The alleged attack took place at the Salala checkpoint, about 1.5 miles (2.5 km) from the Afghan border, Reuters reports, at around 02:00 local time (21:00 GMT).
Two officers were among the dead, officials said, and seven soldiers were reported wounded.
Prime Minister Yousuf Raza Gilani "has strongly condemned the Nato/Isaf (International Security Assistance Force) attack on the Pakistani post," the foreign ministry announced according to AFP news agency.
"On his directions, the matter in being taken up by the foreign ministry, in the strongest terms, with Nato and the US," it added.
The BBC's Shoaib Hasan in Karachi says Pakistani officials are furious, arguing there was no militant activity in the area at the time.
The incident risks dealing a fresh blow to US-Pakistan relations, which had only just begun to recover following a unilateral US raid that killed Osama Bin Laden in Pakistan in May.
Heartfelt condolences'
A senior Pakistani military officer told Reuters news agency that efforts were under way to transport the bodies of the dead soldiers to Mohmand's main town of Ghalanai.
"The latest attack by Nato forces on our post will have serious repercussions as they without any reasons attacked on our post and killed soldiers asleep," he said, requesting anonymity because he was not authorised to talk to the media.
Masood Kausar, governor of Khyber Pakhtunkhwa province, reportedly condemned the attack as "unacceptable and intolerable".
In a statement, Isaf commander Gen John R Allen said the incident "has my highest personal attention and my commitment to thoroughly investigate it to determine the facts.
"My most sincere and personal heartfelt condolences go out to the families and loved ones of any members of Pakistan Security Forces who may have been killed or injured."
In apparent response to the attack, lorries and fuel tankers were being stopped at Jamrud town in the Khyber tribal region near the city of Peshawar, officials and local media said - part of a key supply route which delivers 80% of Nato's equipment to Afghanistan.
"We have halted the supplies and some 40 tankers and trucks have been returned from the check post in Jamrud," Mutahir Zeb, a senior government official, told Reuters.
Pakistani troops are involved in fighting the Taliban in the crucial border region area. Hundreds of militants have been resisting attempts by the security forces to clear them from southern and south-eastern parts of the district.
Anti-militant operation The checkpoint at the centre of this latest incident was set up to prevent insurgents crossing over the border into Afghanistan, our correspondent says.
He says the movement of insurgents from the area into Afghanistan has been a concern for the Nato-led Isaf and the US.
The US has been targeting militants in Pakistan's tribal areas near the Afghan border for several months, often using unmanned drone aircraft.

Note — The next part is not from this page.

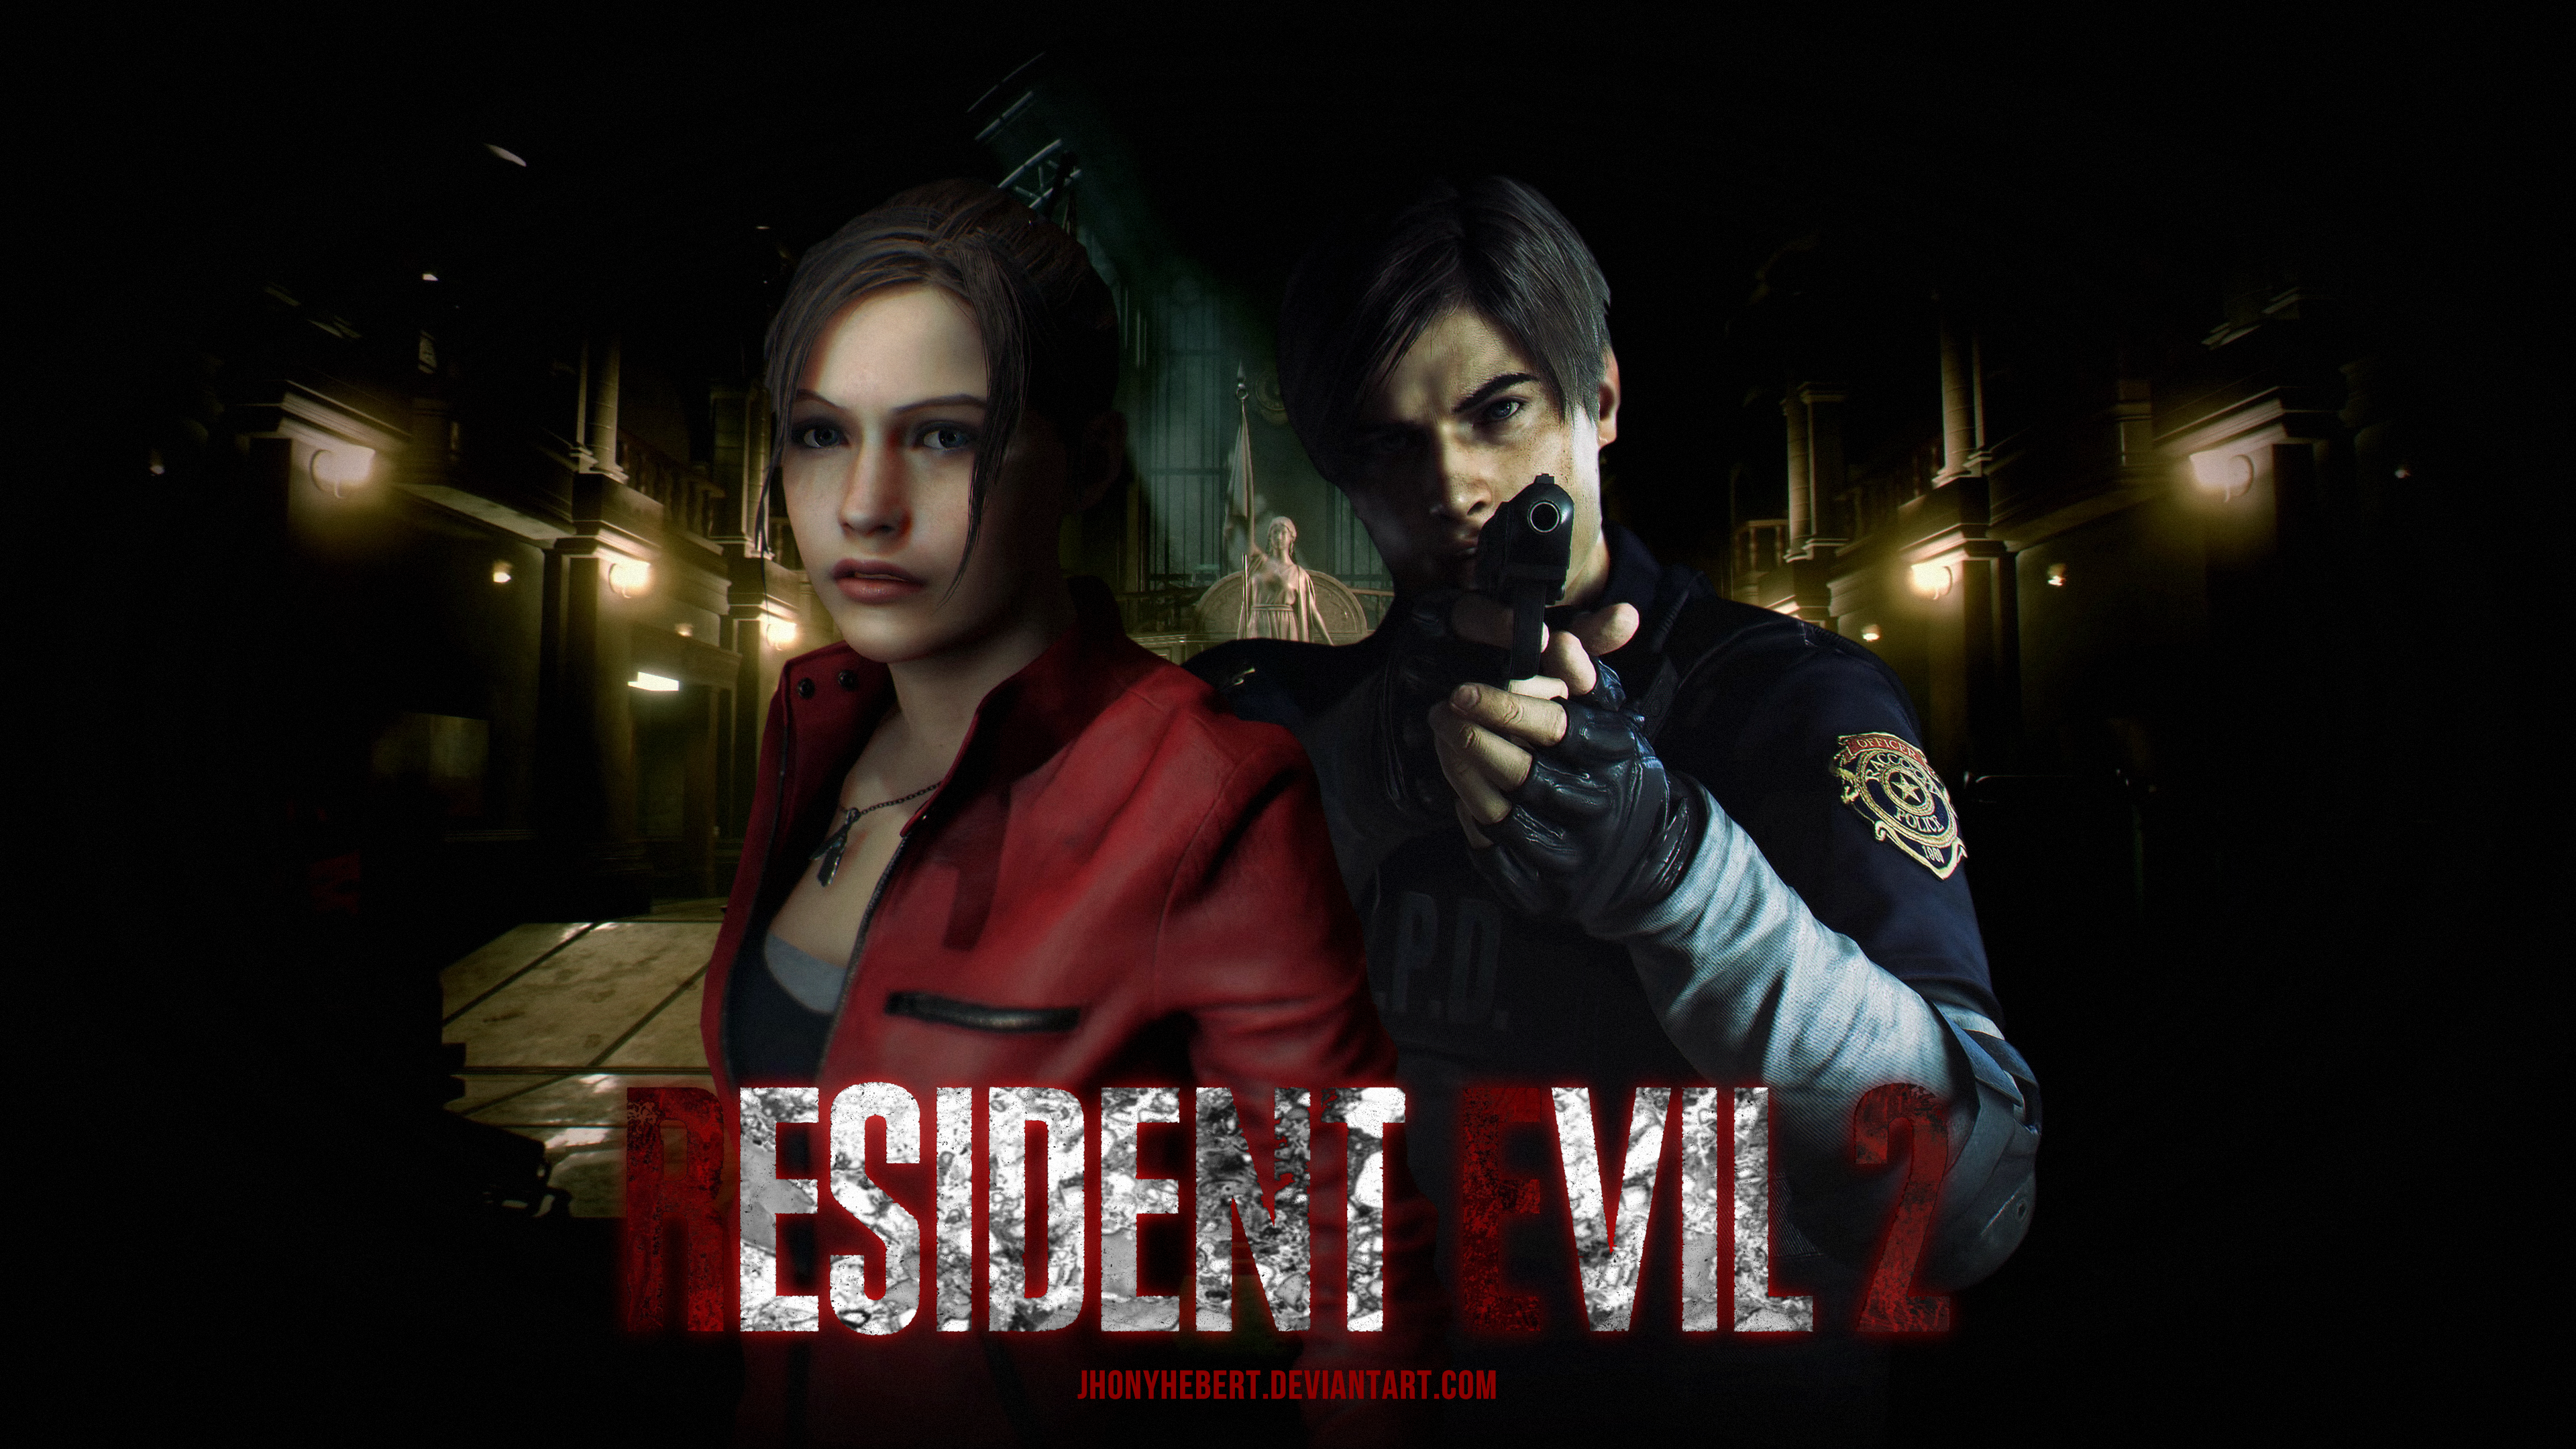 Resident Evil 2 Remake - Claire by LordHayabusa357 on DeviantArt

Last year, US helicopters accidentally killed two Pakistani soldiers near the border, also prompting Pakistan to temporarily close the border to Nato supplies.
In October, Pakistan's army chief Ashfaq Kayani warned the US against taking unilateral action in nearby North Waziristan.
He said that the US should focus on stabilising Afghanistan instead of pushing Pakistan to attack militant groups in the crucial border region.
Washington has for many years urged Islamabad to deal with militants in the area.